I did ask my local Publix Supermarket to order the Junket rennet tablets ($1.99 for an 8-tablet box), but it won’t be here for about 4 weeks. Do you know if this product okay to use? I am searching the internet for rennet to use in the meanwhile and I’ve been trying to get as much information as possible about rennet (both the animal and vegetable versions). I’ve read that animal rennet is better than vegetable rennet. Do you agree? Which type of rennet should I use for the DCCC and SCD protocol?
I’m going to try to make the yogurt tomorrow using my crock pot/slow cooker as suggested in the book.

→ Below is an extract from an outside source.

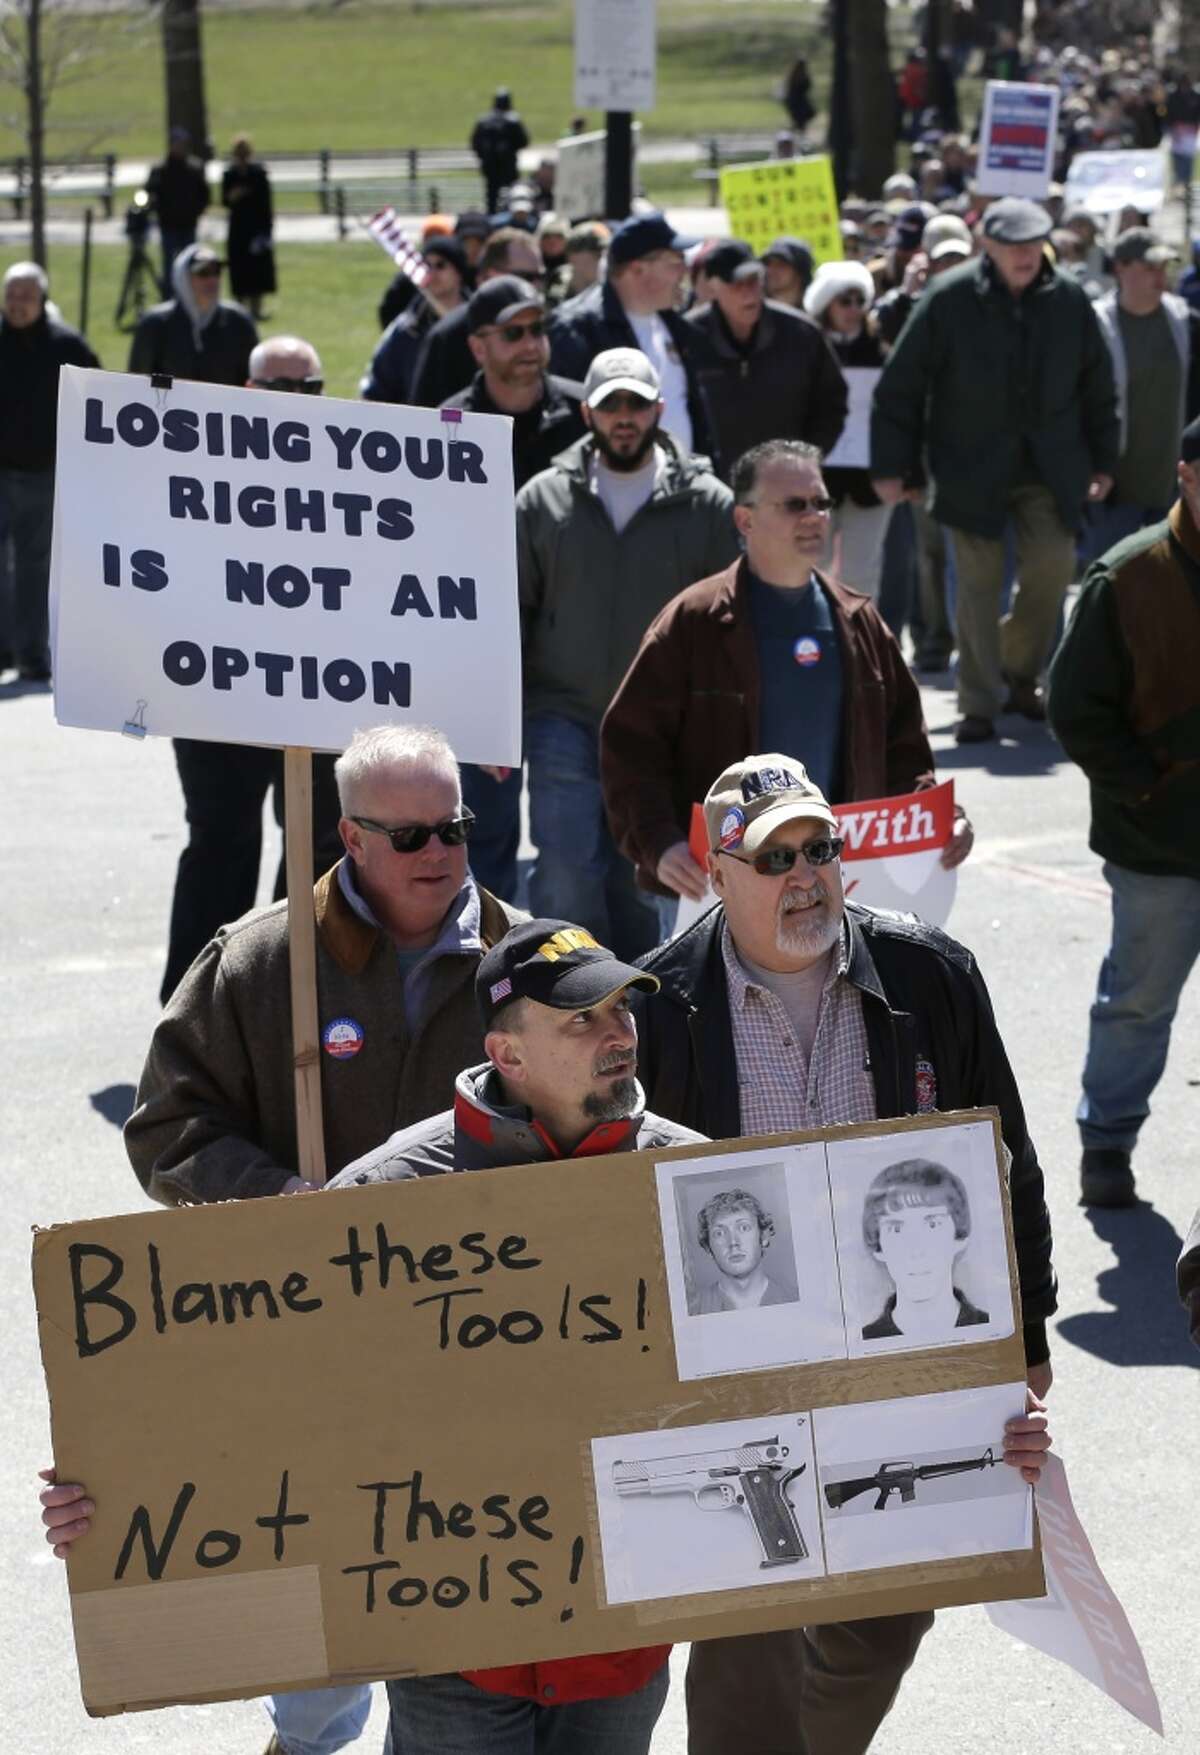 Gun owners and supporters display placards as they march toward the Statehouse, in Boston, Wednesday, April 3, 2013. The demonstration and rally, organized by the Gun Owners Action League, was held to call attention to Second Amendment rights as gun control advocates push for tougher laws in Massachusetts in the wake of the deadly shooting at an elementary school in Newtown, Conn.

Since fresh fruits are almost non-existent this time of year, I’m wondering if you or anyone else knows if, under SCD protocol, I can use all natural/nothing added frozen fruit to flavor it?
Sorry for so many questions, but I’m so clueless and new to all of this. Any guidance and information you and anyone else can offer me is really appreciated. Thanks again for all you do!
I am using natural calf rennet. It comes in tablets. I just cut sections off of it with a sharp knife. I store it in the refrigerator, and it seems to last forever. The brand is BioRen. You may certainly use frozen fruit. Read the labels and make sure it is just the fruit. I make yogurt in a yogurt maker and in a roasting oven. I always stick a thermometer in it to check the temperature. You don’t want to ruin it by cooking it too hot or too cold. It has to be between 100-110 degrees F.
I am glad that you are seeing results. I have read that if you don’t in the first month, you won’t in twelve. So, it sounds like you will do well on the protocol. It is not easy, but seeing the results in our family, it is definitely worth it. Now everyone is asking what we are going to do in April when our year is over.